Interpreting Results
Elemental determinations by ICP are typically reported in parts per million (ppm) based on the sample’s weight (for solid samples) or volume (for liquid samples). If dilution factors were applied during sample preparation, these are factored into the final reported values. ICP values reflect the elemental concentration on an atomic weight basis, not as molecular species. For instance, phosphorus is reported as elemental phosphorus rather than phosphate. Converting elemental concentrations to other forms requires accounting for the atomic weight of the element relative to the molecular weight of the compound of interest. Additionally, for elements present in high concentrations, remember that 10,000 ppm on a weight/weight basis equals 1% by weight. For example, a calcium concentration of 20,000 ppm corresponds to 2% calcium by weight in the sample material.
FAQ
"What sample sizes do you need?"
We typically request a minimum sample volume of 10 mL, with 20 mL being ideal for optimal analysis. However, if a smaller volume is all that is available, we can still accommodate the testing. For specific minimum sample requirements based on the test, please refer to the back of the water job request sheet.

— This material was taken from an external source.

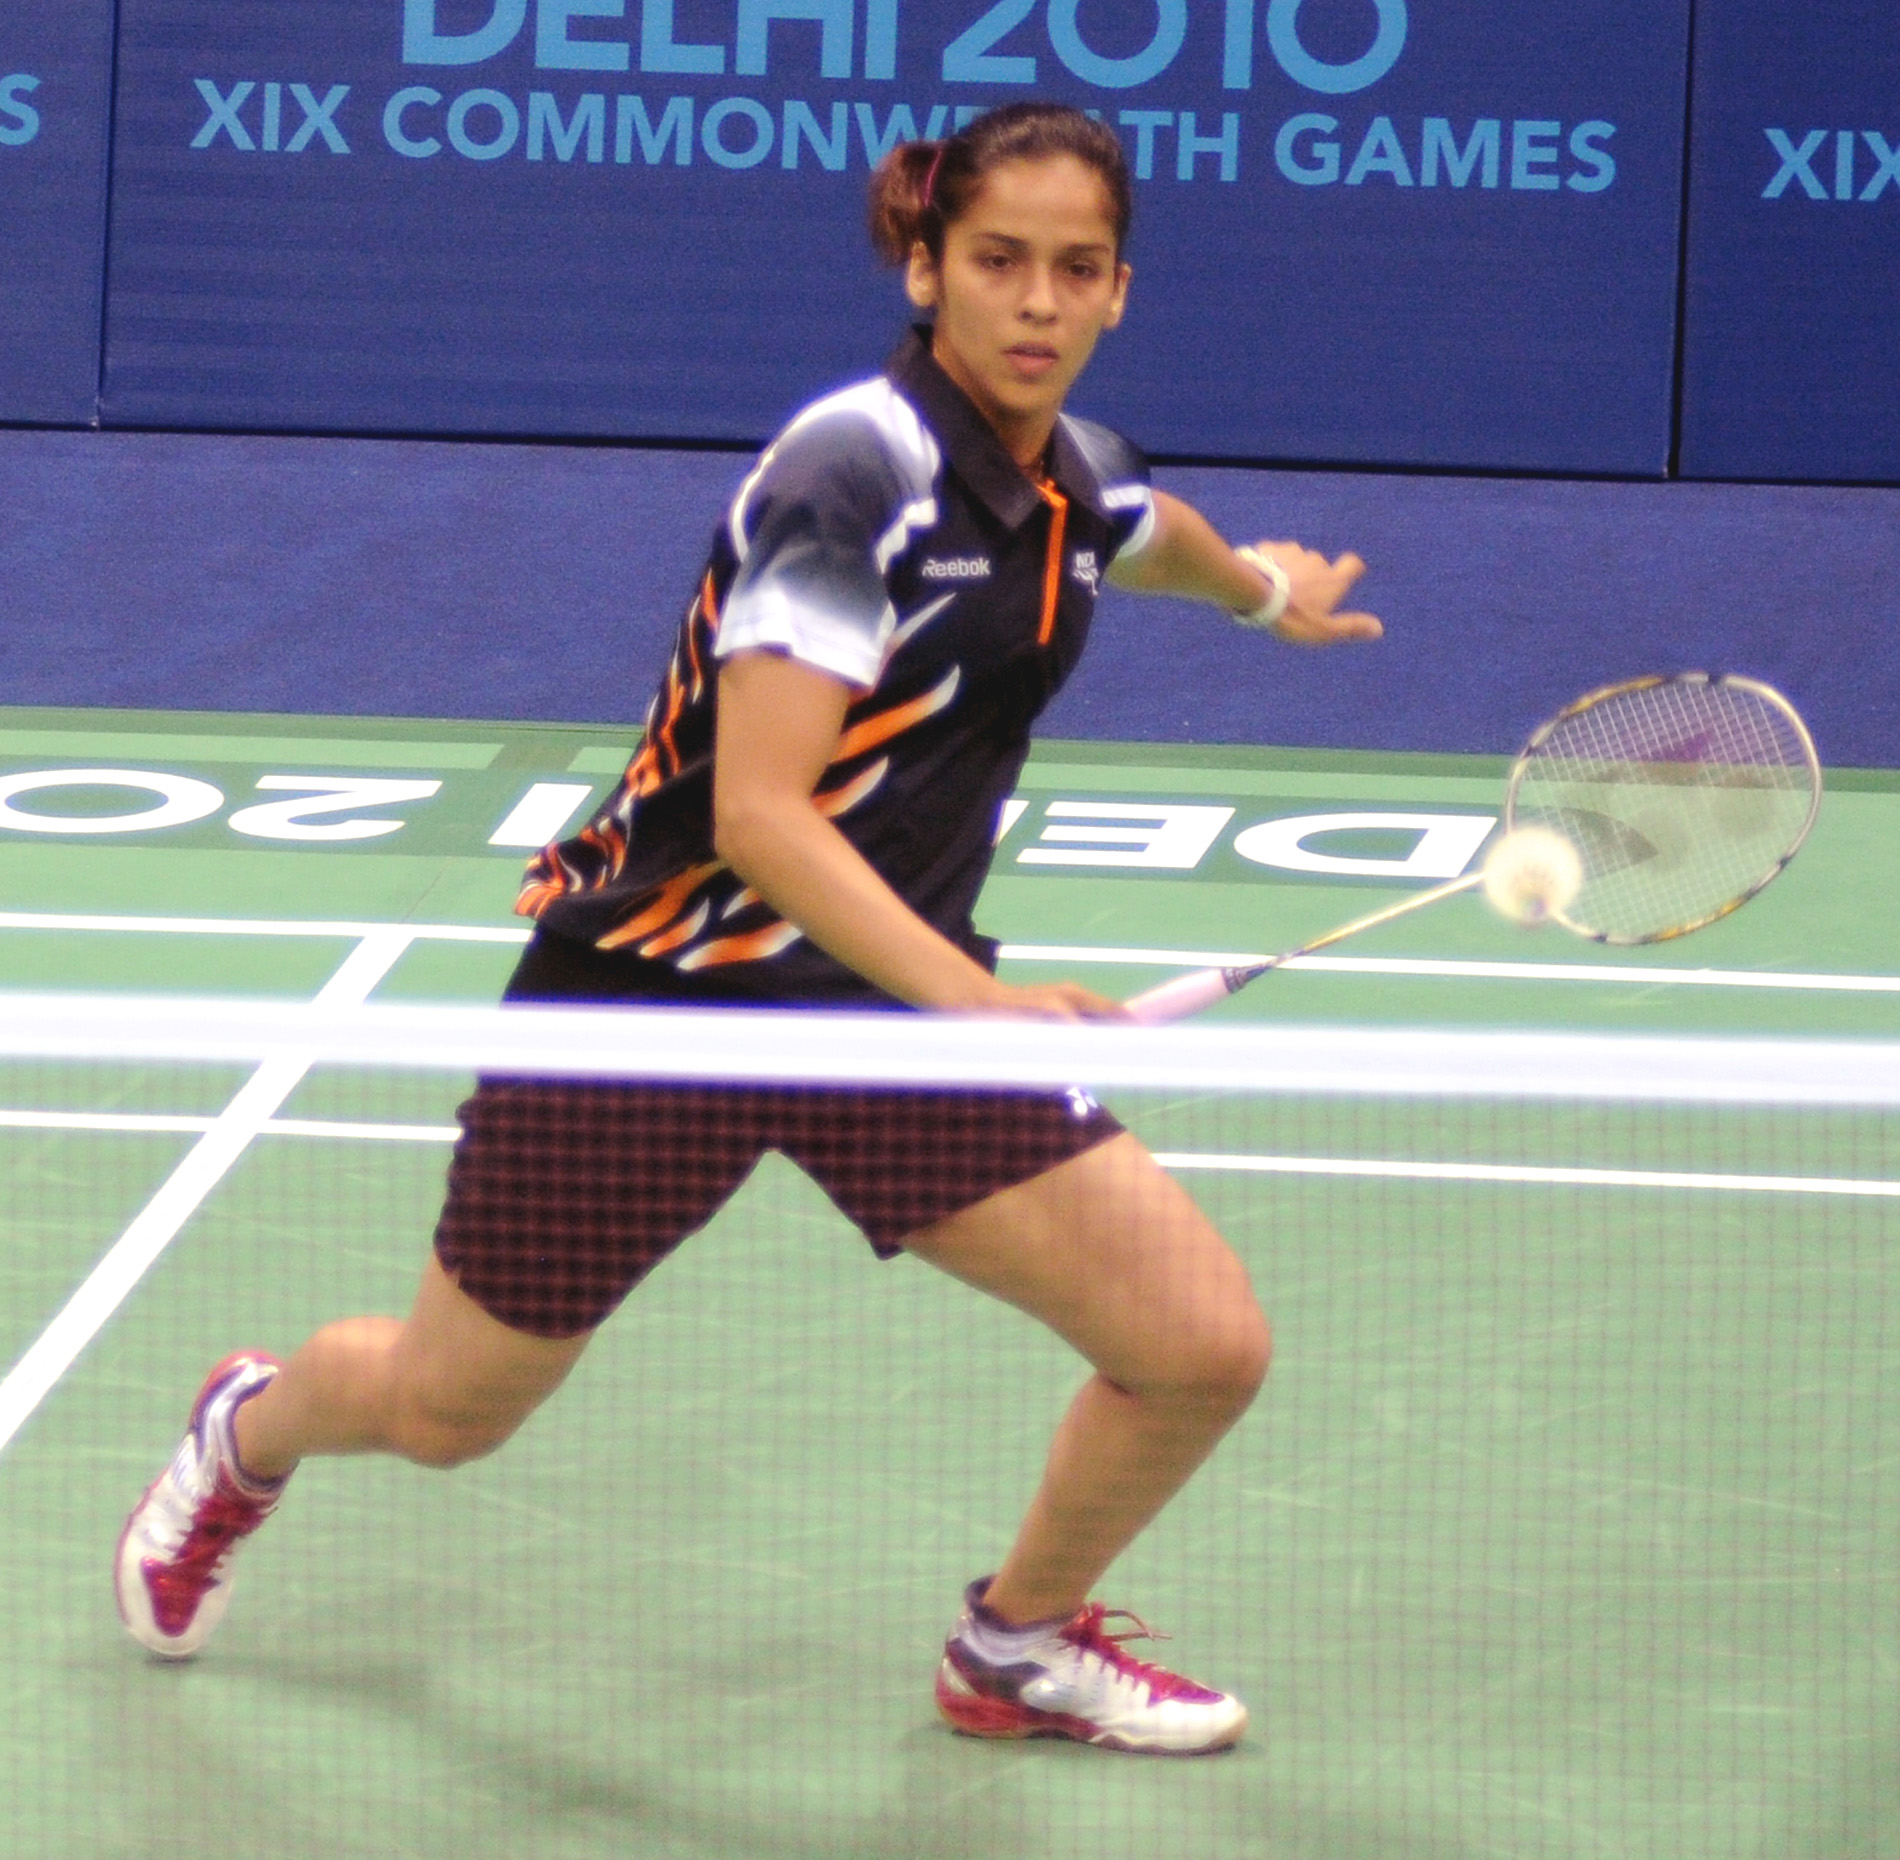 FileXIX Commonwealth Games-2010 Delhi Indian shuttler Saina Nehwal in action against her Barbados opponent during their match in the preliminary round of badminton event, at Sirifort Sports Complex, in New Delhi.jpg -
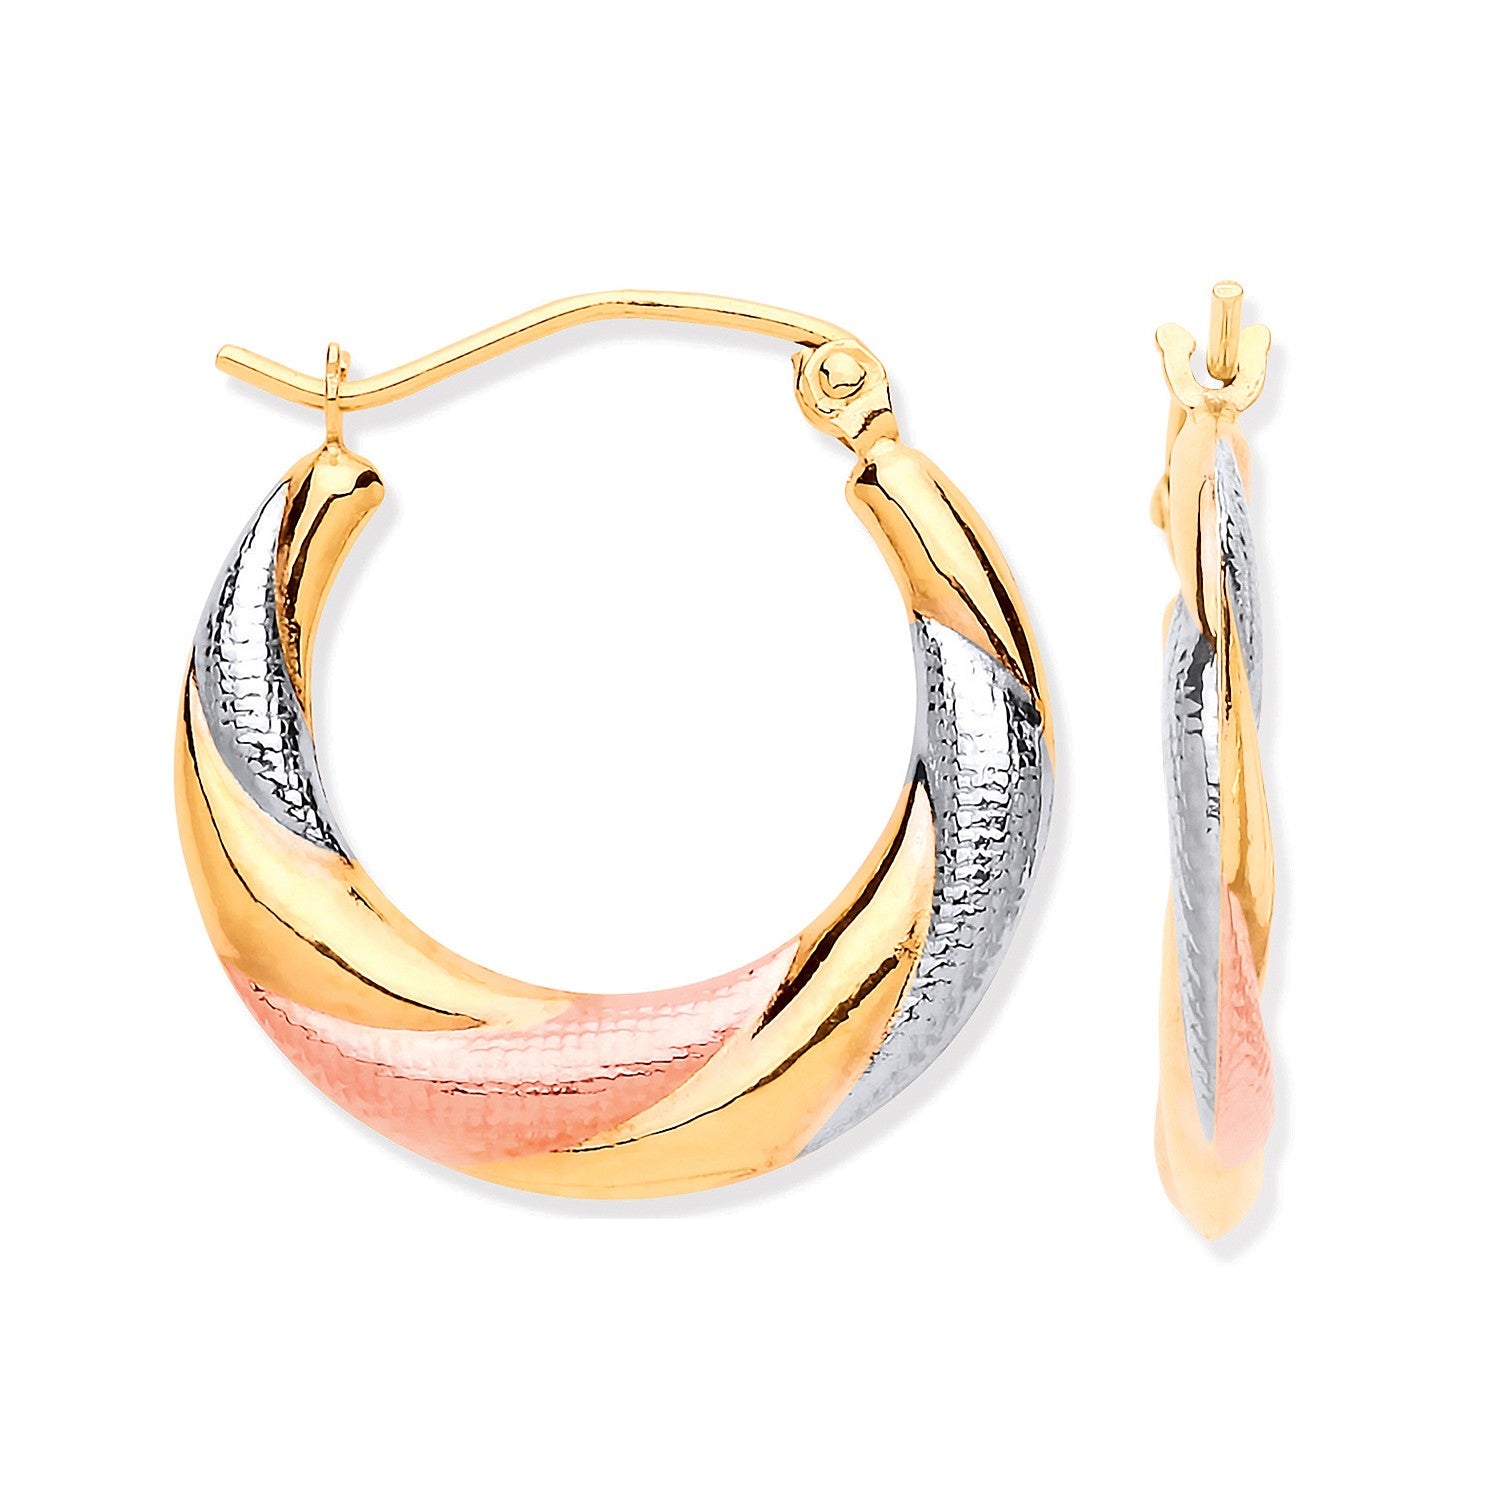 Yellow Gold, White Gold & Rose Gold Twist Hoop Earrings

"How quickly will I receive results?"
You can request a turnaround time when you submit samples. A small set will likely take 1-2 weeks, but a larger sample set may take several weeks to complete.
"Can you test for specific elements?"
Yes, we offer single elements, custom sets, or our standard 15 or 27 element suite. We do offer a few elements outside of our standard 27 elements, please consult our laboratory for more information.
“How do I submit samples?”
Please bring or ship your samples to our main office: Room 135 of the Crops Research Building. We are open 8:00 am - 4:30 pm, Monday to Friday. Please fill out either a Water Job Request sheet or Special Job Request sheet and submit that form with your samples. We have printed forms in our office as well.
“What kind of ICP-OES instruments do you use?”
Thermo Scientific iCAP 7600 Duo ICP-OES.